▶

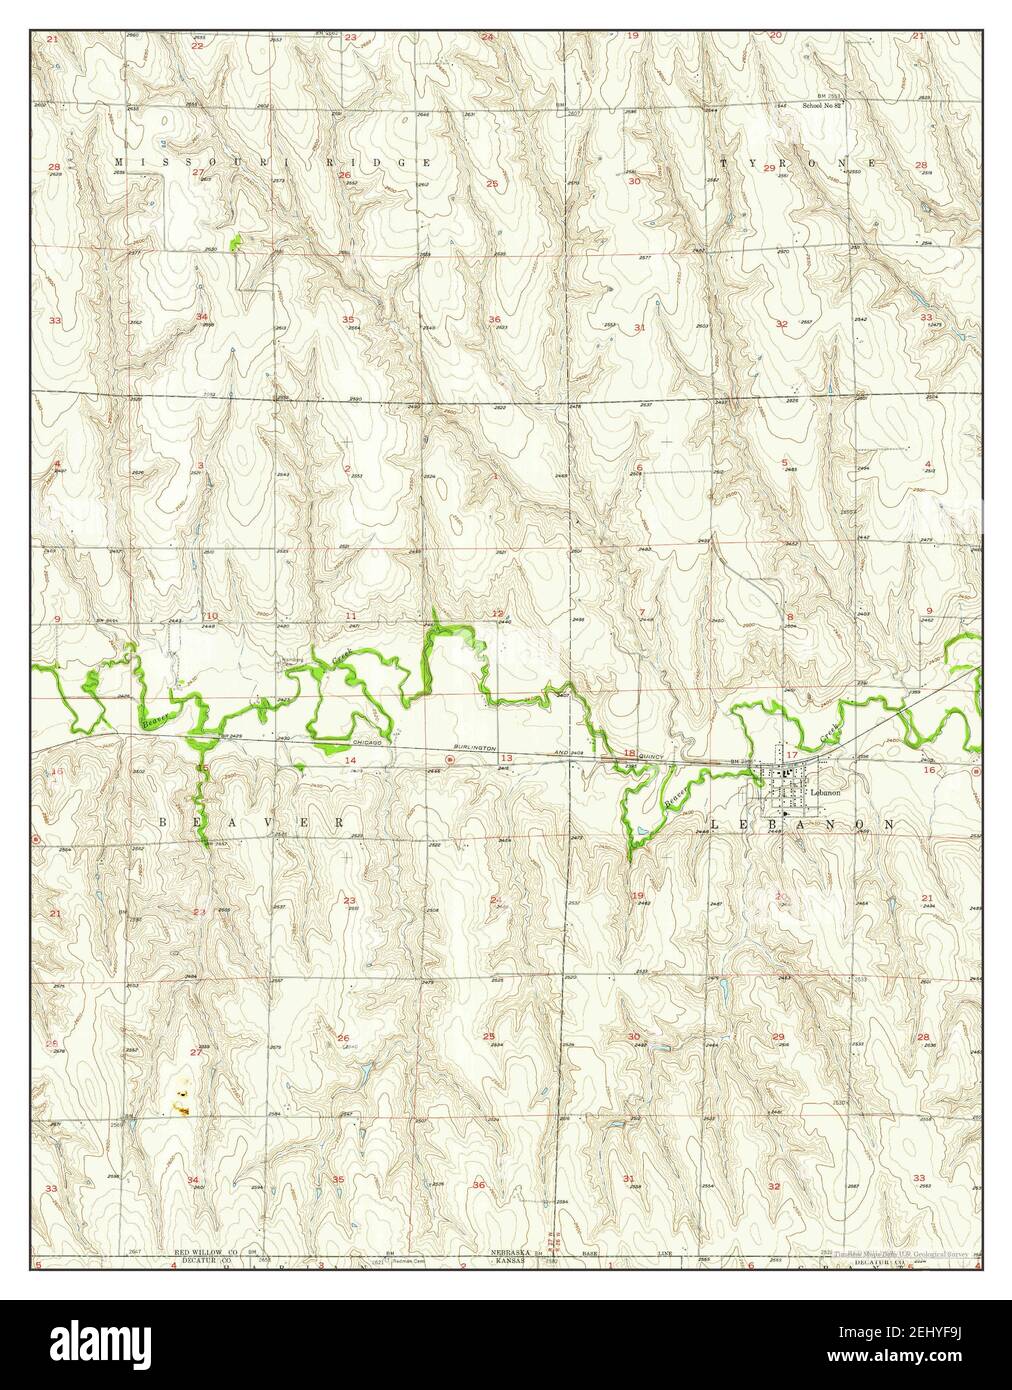 Liban, Nebraska, carte 1957, 1:24000, États-Unis d'Amérique par Timeless Maps, données U.S. Geological Survey Banque D'Images
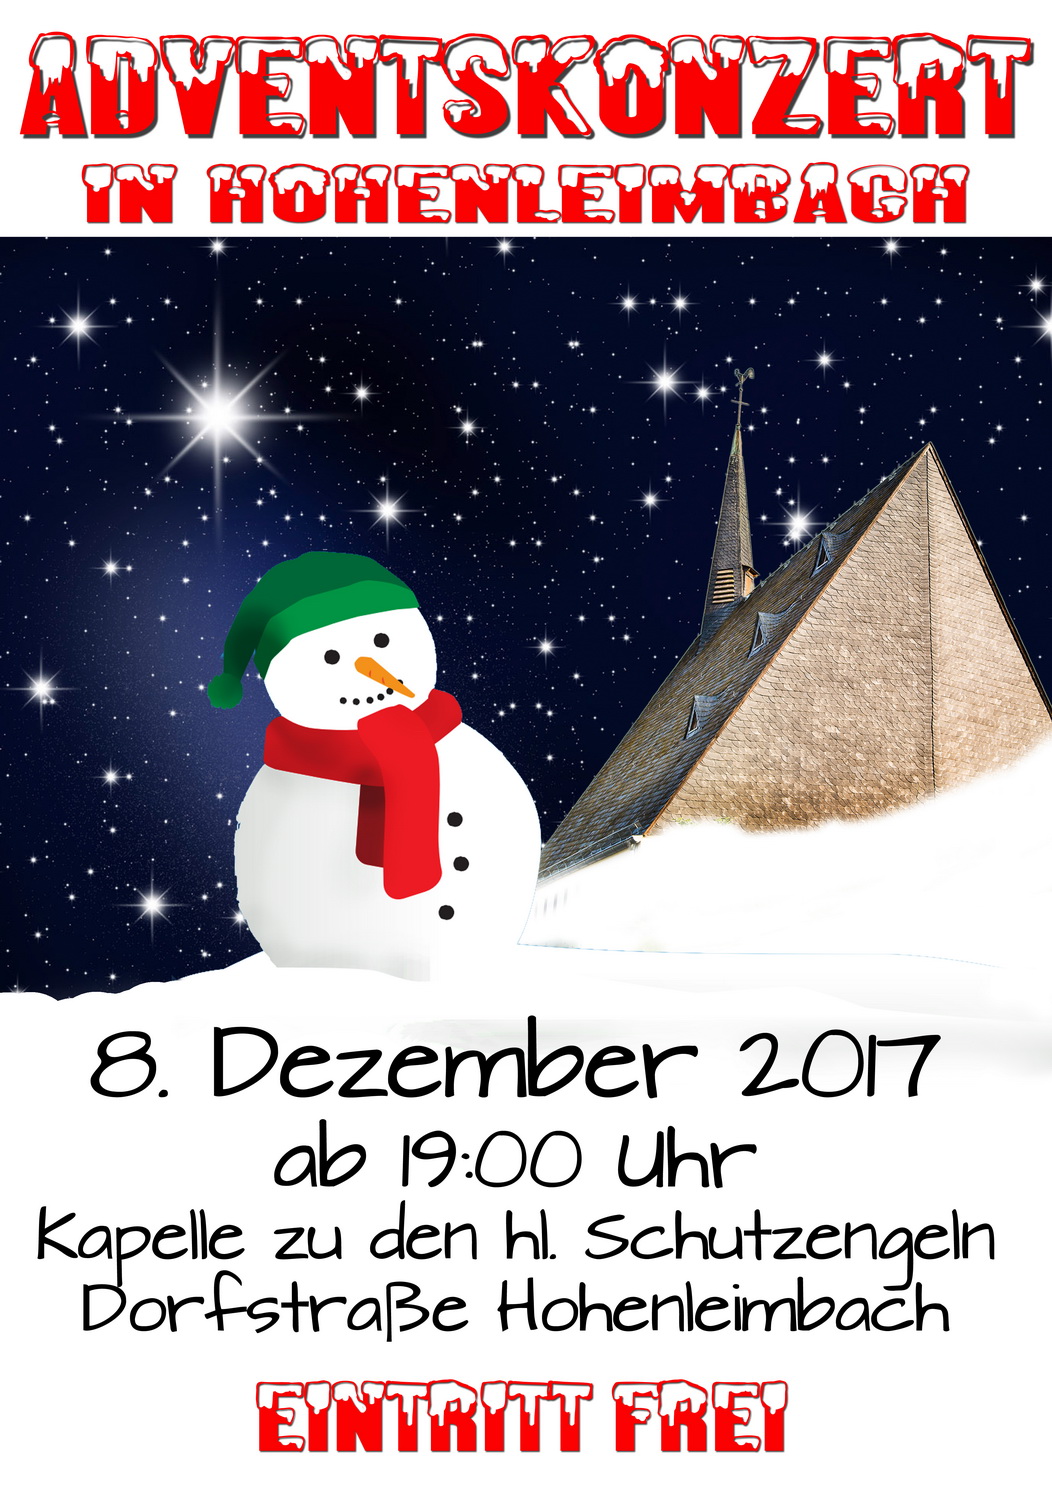 Adventskonzert in der Kapelle zu Hohenleimbach am 8. Dezember
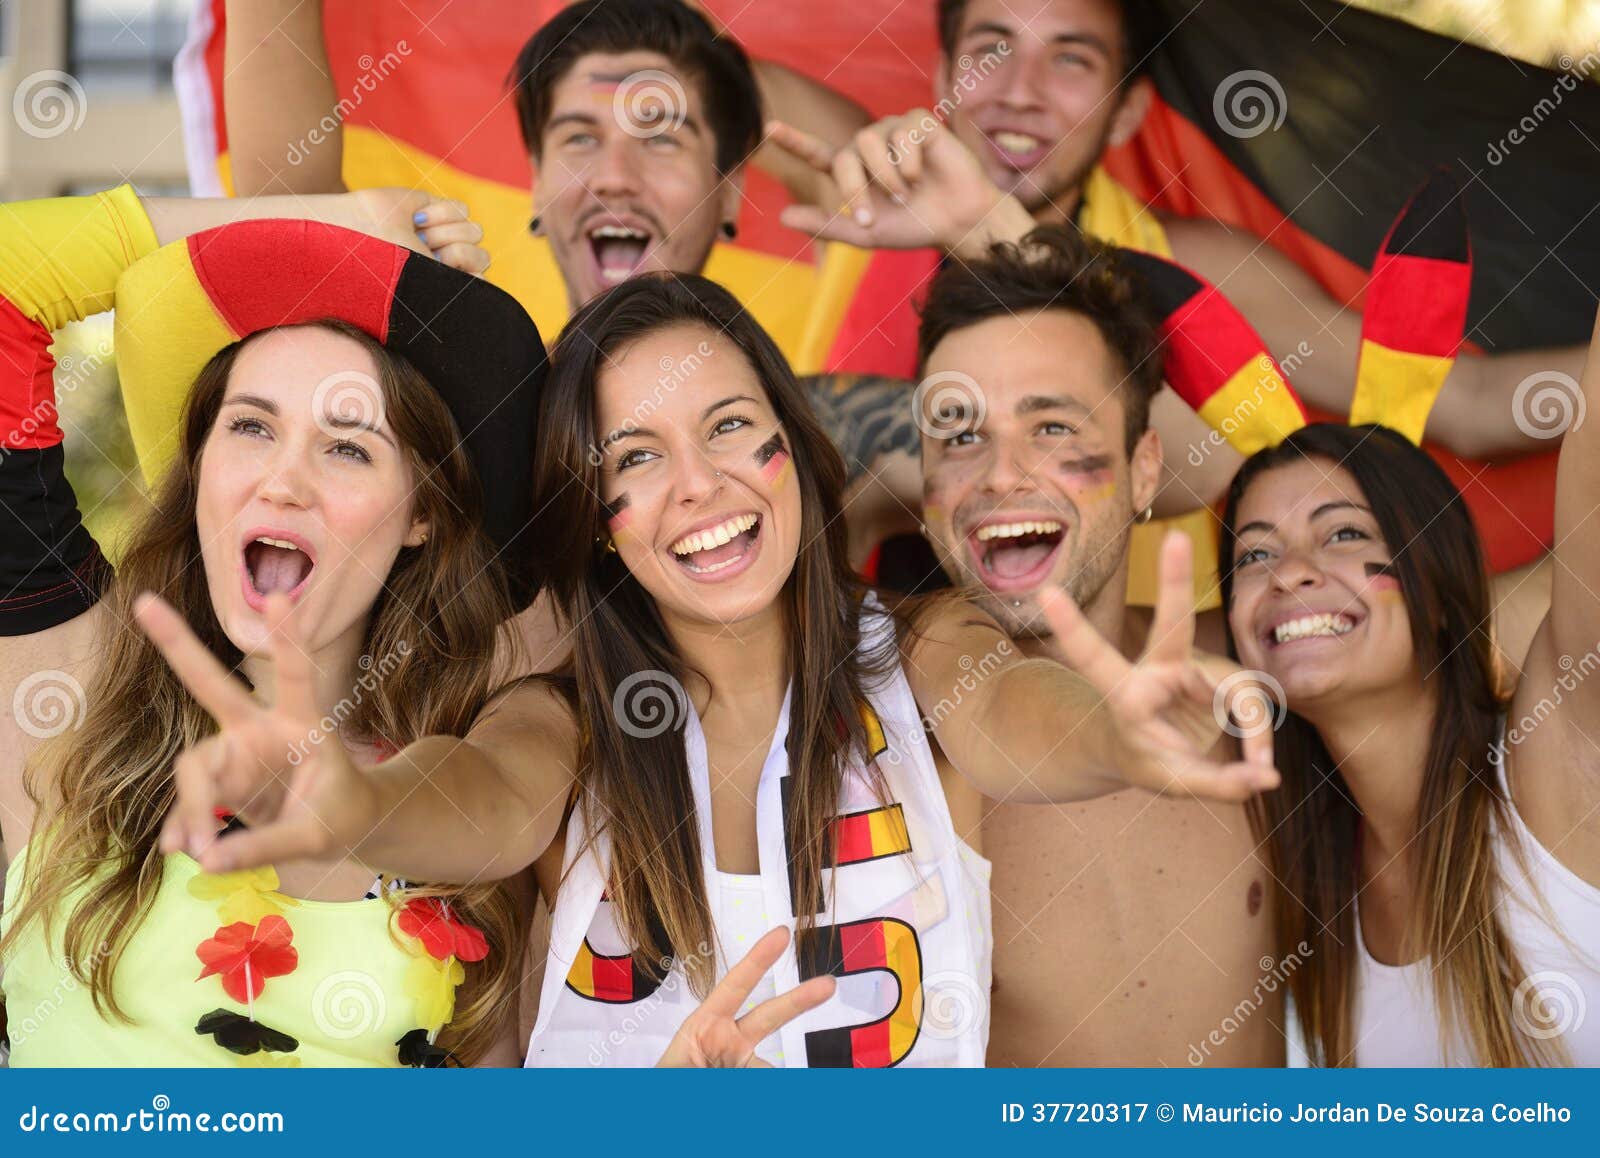 german sport soccer fans celebrating victory.

◀

_ACTIVITY_
Reproduce the lines above letter for letter. The pictures stay behind.

_REPLY TO THE EXERCISE_
 Liban, Nebraska, carte 1957, 1:24000, États-Unis d'Amérique par Timeless Maps, données U.S. Geological Survey Banque D'Images
 Adventskonzert in der Kapelle zu Hohenleimbach am 8. Dezember
 german sport soccer fans celebrating victory.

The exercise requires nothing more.